4 - Se a operação é mais barata e se a concorrência mais feroz (e agora, sem fronteiras, pois se o curso é 100% online as fronteiras deixarão de existir, e os futuros estudantes poderão cursar qualquer curso em qualquer lugar) o valor da anuidades sofrerá uma grande redução. A competição será por preço!

Observação importante: Como as aulas serão gravadas, e também como as instituições trabalharão no volume, todas as graduações irão procurar os grandes expoentes do mercado. Em termos de qualidade de professores, a disputa será bem parelha pelo simples fato disto, com as gravações, vir a se tornar algo perfeitamente possível. É uma ilusão achar que neste aspecto teremos diferenciações no mercado.

5 - Cursar Direito vai ser a coisa mais fácil do mundo. Fácil e barata! Teremos uma explosão de estudantes! O curso de Direito será, com larga margem, a maior graduação do país. Aliás, as autorizações recentes dadas pelo MEC foram feitas com um número de vagas que representam ao menos o triplo em comparação ao autorizado para instituições presenciais. A quantidade de vagas tende a passar por forte expansão.

6 - Os VÍCIOS e defeitos já existentes HOJE vão PIORAR com a graduação online. O nível de cobrança da qualidade dos estudos será, possivelmente, muito mais flexíveis do que jamais foram. Afinal, a lógica de não perder um aluno (um pagador) não vai ser alterada em nada. 

7 - Ou seja: não será uma questão dos alunos terem bons professores, mas sim de quase uma ausência de controle sobre os estudantes e a qualidade do ensino. A atual lógica empresarial não vai mudar só porque a plataforma de ensino deixará de ser presencial para ser online.
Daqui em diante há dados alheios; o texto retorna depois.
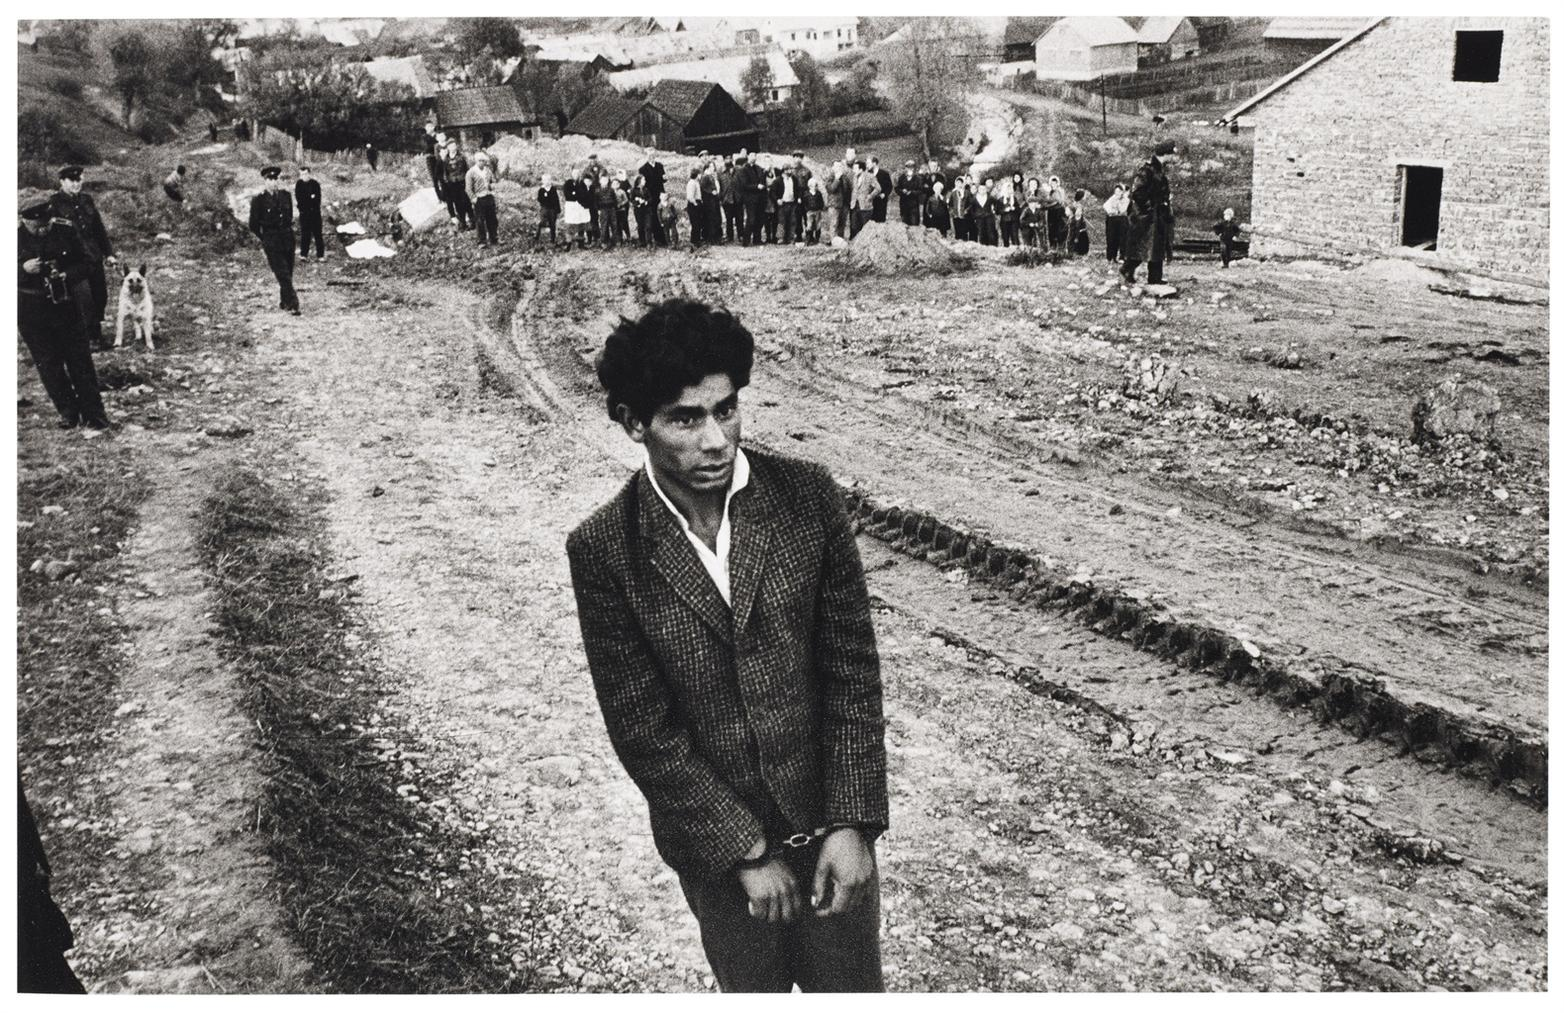 Josef Koudelka-Jarabina, Slovakia-1963

Uma dúvida pessoal: Eu não sei como será o comportamento dos estudantes ao longo de 5 anos de estudos online. Aqui, de fato, tenho uma incógnita. A média dos estudantes atuará de forma focada ao longo deste tempo todo? Sem o estímulo do contato com professores e colegas de sala? Neste aspecto não consigo pensar quais seriam as consequências.

Em que pese toda a minha crítica, reconheço que chegamos a uma quadra não só inevitável como também irreversível.
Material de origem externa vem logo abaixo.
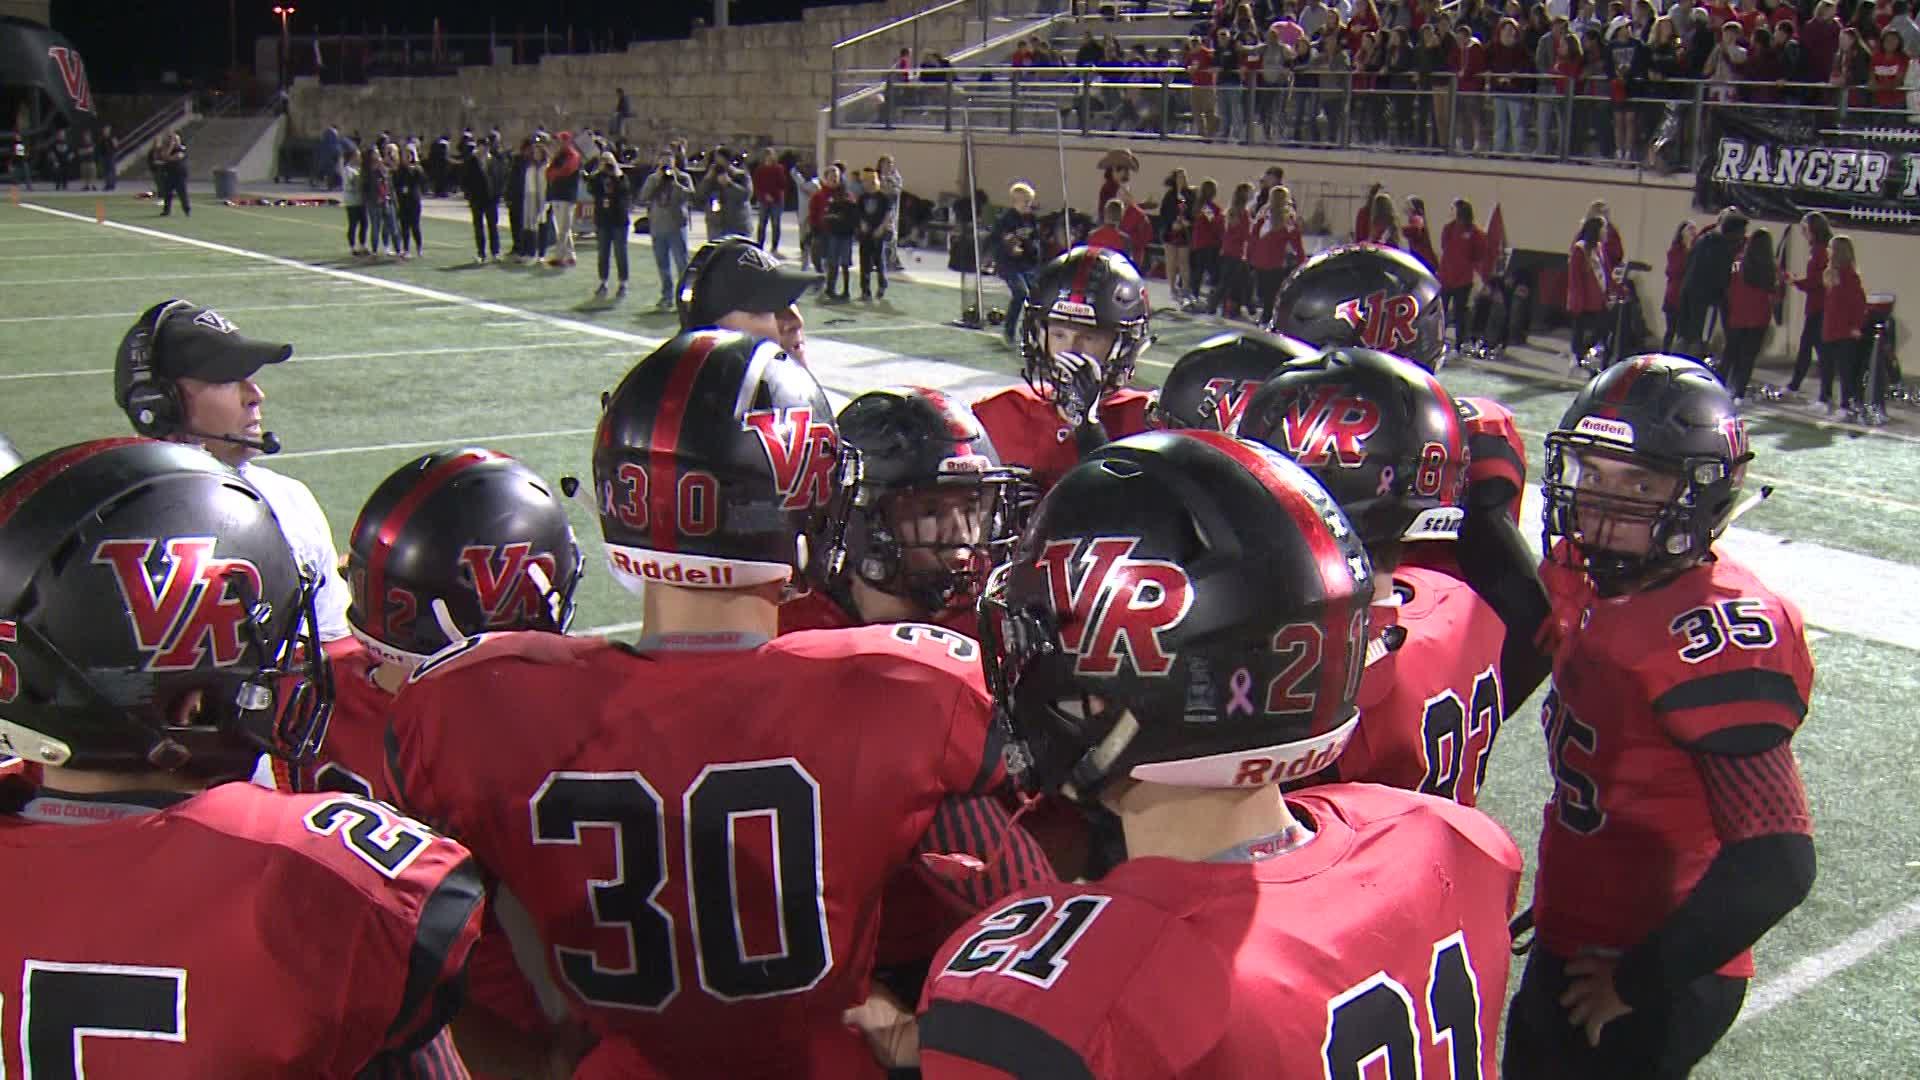 Westlake vs. Vista Ridge football (KXAN Photo)_579391

Um novo futuro começou agora. É o que temos.

Evidentemente nem todo o mercado será online. Um universo de estudantes, impossível de delimitar agora, ainda preferirá o ensino presencial. Serão os cursos mais caros e elitizados. Contudo, a grande massa tende a ir para o online, especialmente em função do custo.

Ao estudante de Direito fica uma séria orientação: a graduação, agora mais do que nunca, dependerá exclusivamente do SEU próprio interesse e de SUA cobrança pessoal.

O mercado continuará sendo o mercado. Ou seja: as exigências continuarão as mesmas, e ter uma boa qualificação é fundamental para se conquistar um espaço.

A lógica é simples e linear: boa formação é igual a mais oportunidades. Uma má formação cobra seu próprio preço.

O ensino jurídico há muito tempo virou mercadoria, e ter cuidado com essa VERDADE é fundamental na hora de se escolher como estudar o curso de Direito.

Ignorar essa premissa pode custar muito caro em termos de sonhos, tempo e dinheiro.